Twenty years ago when I imagined what life would be like with children, I didn’t realize how many demands motherhood required. Nor did I know that my influence would not always produce the outcomes I anticipated either. One day in particular comes to mind when the kids were about five and three. I was daydreaming about taking them out on an adventure and thought about all the things I needed to pack in order for us to get out the door. I was actually really looking forward to finally getting out and doing something different. In a split second, there was no way I was going to make it happen.
All I could think of was how I was supposed to move through the rest of the day with vitality and purpose when feeling so disappointed.
I was so excited to get out of the house and the idea of the kids experiencing something new excited me more. Accepting that I had to switch gears and cancel our outing was so disappointing! When I recognized my negative thoughts around my disappointment I knew I needed to make a conscious effort to stay positive but I really didn’t feel like thinking that way. I just wanted to carry that bad attitude for a while!
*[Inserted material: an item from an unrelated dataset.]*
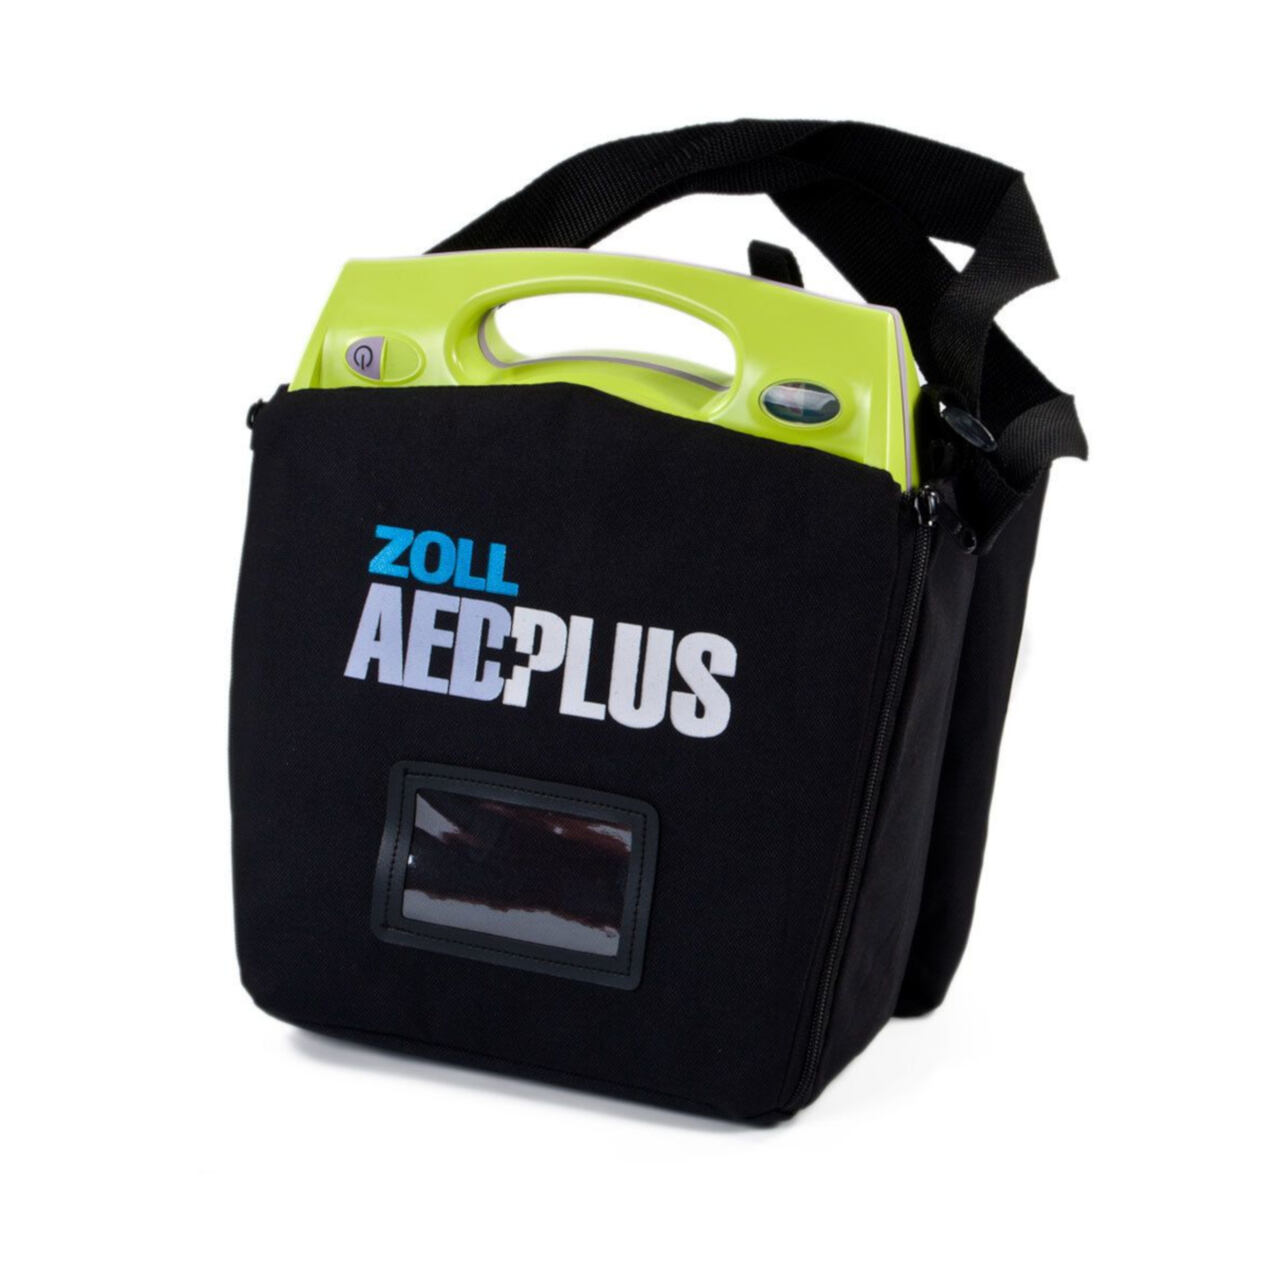 Defibrylator Zoll AED Plus Stat-padz II
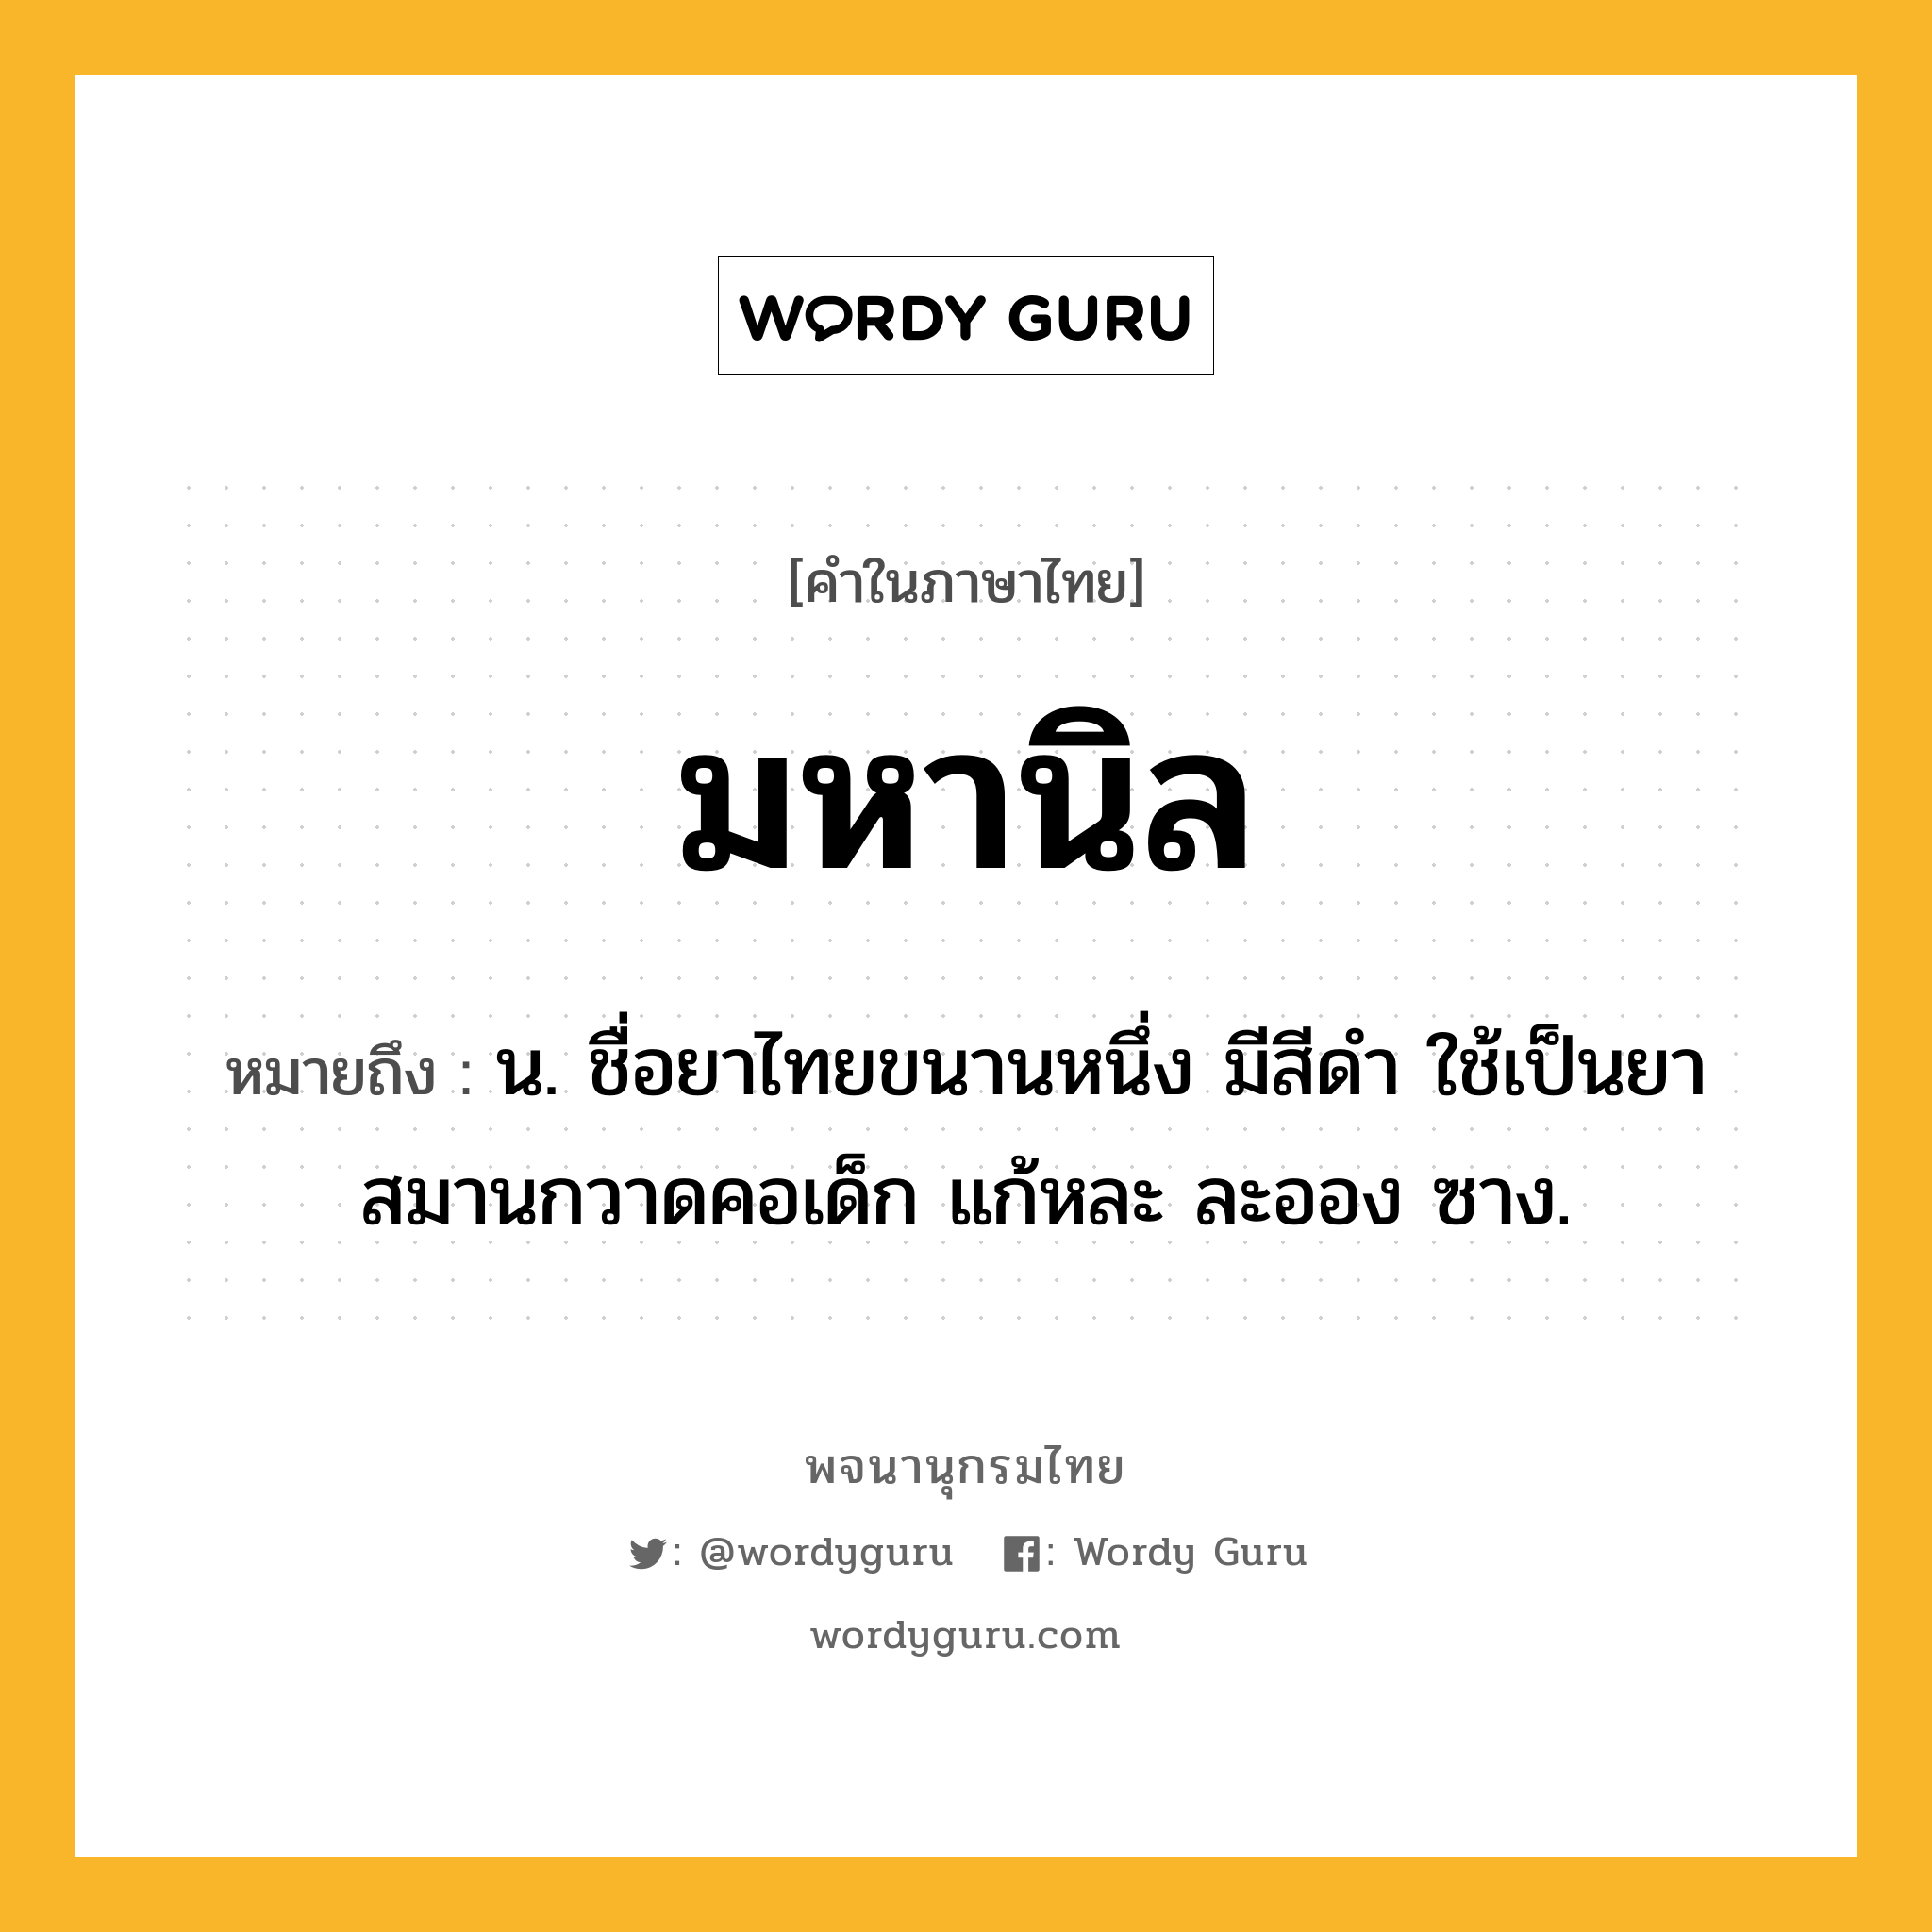 มหานิล ความหมาย หมายถึงอะไร?, คำในภาษาไทย มหานิล หมายถึง น. ชื่อยาไทยขนานหนึ่ง มีสีดํา ใช้เป็นยาสมานกวาดคอเด็ก แก้หละ ละออง ซาง.

I have read that practicing presence of mind helps one move in the direction of their desires.
But that afternoon, I wasn’t practicing that! Well, at least in a positive light. I let the change of direction take hold of my attitude and indirectly my kids bared the brunt of that. When I had some time to reflect I did think of how I could react differently next time. I also learned a big lesson through it all because I had already been experiencing quite a bit of this with the age of my kids. But this time was different. I noticed that I didn’t like how I was acting. I was feeling so disengaged and I wanted to get out of the funk I was in.
The desires of my heart did not match my behavior.
At this point all I could think about was how I like the thoughts that excite and engage. And I love meeting my children with presence of mind because it allows me to genuinely engage in conversation with meaning, purpose, love and intention. The approach with eye-to-eye contact influences a much better outcome than one half-hearted or distracted .
I knew I needed to change my mind.
I also had to remember that shepherding children takes courage, selfless acts and a commitment to helping them grow and become what they were intended for. If I rest my eyes on the Lord our God and focus on His promises, listening to those precious details he only tells me, it helps me engage with confidence, courage and His lead. It was then that my thoughts had transformed and a powerful peace of mind overcame me. In that moment, my presence of mind had changed.
Have you ever felt that way? How did you overcome?